---------- Task data

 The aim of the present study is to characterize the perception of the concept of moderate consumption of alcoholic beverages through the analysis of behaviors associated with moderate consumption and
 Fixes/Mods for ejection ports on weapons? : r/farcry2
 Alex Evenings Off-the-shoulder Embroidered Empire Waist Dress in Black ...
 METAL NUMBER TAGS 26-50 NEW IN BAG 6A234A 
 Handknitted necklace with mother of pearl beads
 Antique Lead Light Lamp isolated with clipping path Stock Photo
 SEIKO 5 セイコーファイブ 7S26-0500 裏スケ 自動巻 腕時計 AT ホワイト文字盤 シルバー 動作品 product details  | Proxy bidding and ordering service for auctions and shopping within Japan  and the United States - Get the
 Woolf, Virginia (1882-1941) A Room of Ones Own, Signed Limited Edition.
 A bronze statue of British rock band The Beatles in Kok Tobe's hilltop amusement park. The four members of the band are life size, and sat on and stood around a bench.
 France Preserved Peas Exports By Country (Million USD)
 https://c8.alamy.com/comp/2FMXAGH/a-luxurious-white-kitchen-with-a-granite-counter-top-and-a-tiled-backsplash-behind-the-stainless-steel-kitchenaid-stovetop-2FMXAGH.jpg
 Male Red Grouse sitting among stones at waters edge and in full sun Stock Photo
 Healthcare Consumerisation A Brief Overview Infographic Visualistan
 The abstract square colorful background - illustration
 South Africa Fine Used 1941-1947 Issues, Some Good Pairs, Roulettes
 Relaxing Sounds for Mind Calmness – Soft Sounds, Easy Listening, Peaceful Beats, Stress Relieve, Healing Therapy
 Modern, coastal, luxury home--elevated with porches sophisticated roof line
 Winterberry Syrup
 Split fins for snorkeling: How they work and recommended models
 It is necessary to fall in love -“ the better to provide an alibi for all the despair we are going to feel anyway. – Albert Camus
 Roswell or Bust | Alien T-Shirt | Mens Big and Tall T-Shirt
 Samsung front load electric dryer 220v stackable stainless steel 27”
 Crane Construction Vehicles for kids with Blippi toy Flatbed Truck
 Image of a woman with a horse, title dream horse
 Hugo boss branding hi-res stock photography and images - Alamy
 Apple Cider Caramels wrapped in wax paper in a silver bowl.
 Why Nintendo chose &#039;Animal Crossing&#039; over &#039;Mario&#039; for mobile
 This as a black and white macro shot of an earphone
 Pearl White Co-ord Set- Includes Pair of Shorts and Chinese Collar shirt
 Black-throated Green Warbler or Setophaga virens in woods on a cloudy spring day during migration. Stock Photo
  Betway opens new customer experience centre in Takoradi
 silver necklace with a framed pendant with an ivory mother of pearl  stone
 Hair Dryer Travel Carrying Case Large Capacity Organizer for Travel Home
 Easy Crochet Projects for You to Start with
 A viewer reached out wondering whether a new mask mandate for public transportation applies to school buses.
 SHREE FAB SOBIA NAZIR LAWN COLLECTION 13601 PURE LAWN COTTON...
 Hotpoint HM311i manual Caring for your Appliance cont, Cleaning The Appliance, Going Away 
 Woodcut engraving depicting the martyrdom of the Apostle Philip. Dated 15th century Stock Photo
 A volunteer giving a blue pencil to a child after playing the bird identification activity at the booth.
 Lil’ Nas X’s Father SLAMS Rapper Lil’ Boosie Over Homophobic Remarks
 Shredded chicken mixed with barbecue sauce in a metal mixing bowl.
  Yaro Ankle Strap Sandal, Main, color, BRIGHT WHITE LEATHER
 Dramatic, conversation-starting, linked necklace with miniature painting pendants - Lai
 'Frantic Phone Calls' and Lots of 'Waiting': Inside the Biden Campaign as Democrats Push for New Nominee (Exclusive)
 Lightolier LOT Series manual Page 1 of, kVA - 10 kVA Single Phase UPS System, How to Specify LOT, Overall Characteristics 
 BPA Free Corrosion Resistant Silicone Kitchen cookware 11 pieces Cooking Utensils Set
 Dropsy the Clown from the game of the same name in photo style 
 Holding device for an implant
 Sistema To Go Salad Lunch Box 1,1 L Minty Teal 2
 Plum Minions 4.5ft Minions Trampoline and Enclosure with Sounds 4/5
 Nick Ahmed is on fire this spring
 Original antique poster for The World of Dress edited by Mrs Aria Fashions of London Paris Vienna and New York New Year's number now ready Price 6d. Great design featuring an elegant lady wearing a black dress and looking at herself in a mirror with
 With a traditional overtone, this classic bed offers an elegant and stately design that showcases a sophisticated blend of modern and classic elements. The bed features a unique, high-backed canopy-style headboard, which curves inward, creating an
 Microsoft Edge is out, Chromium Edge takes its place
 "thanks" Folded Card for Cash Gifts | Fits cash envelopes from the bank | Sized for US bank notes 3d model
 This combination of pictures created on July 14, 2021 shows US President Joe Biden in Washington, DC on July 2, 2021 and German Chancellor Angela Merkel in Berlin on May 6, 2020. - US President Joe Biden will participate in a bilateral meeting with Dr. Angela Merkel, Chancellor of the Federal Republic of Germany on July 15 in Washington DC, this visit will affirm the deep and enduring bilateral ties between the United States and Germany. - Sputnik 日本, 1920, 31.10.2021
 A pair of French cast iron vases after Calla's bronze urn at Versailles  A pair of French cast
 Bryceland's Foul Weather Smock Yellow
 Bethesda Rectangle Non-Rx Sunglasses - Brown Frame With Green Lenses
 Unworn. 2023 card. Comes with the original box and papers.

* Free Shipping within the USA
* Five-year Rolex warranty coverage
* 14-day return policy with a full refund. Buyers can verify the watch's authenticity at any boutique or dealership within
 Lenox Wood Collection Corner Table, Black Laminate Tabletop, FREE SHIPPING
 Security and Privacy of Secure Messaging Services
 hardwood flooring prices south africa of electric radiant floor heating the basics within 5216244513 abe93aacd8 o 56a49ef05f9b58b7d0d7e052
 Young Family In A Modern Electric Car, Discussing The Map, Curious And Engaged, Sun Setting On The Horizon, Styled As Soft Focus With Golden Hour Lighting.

--------------------

— Exercise prompt —
Among the lines above, find those holding "spring" and copy each one.

— Response to this exercise —
 Black-throated Green Warbler or Setophaga virens in woods on a cloudy spring day during migration. Stock Photo
 Nick Ahmed is on fire this spring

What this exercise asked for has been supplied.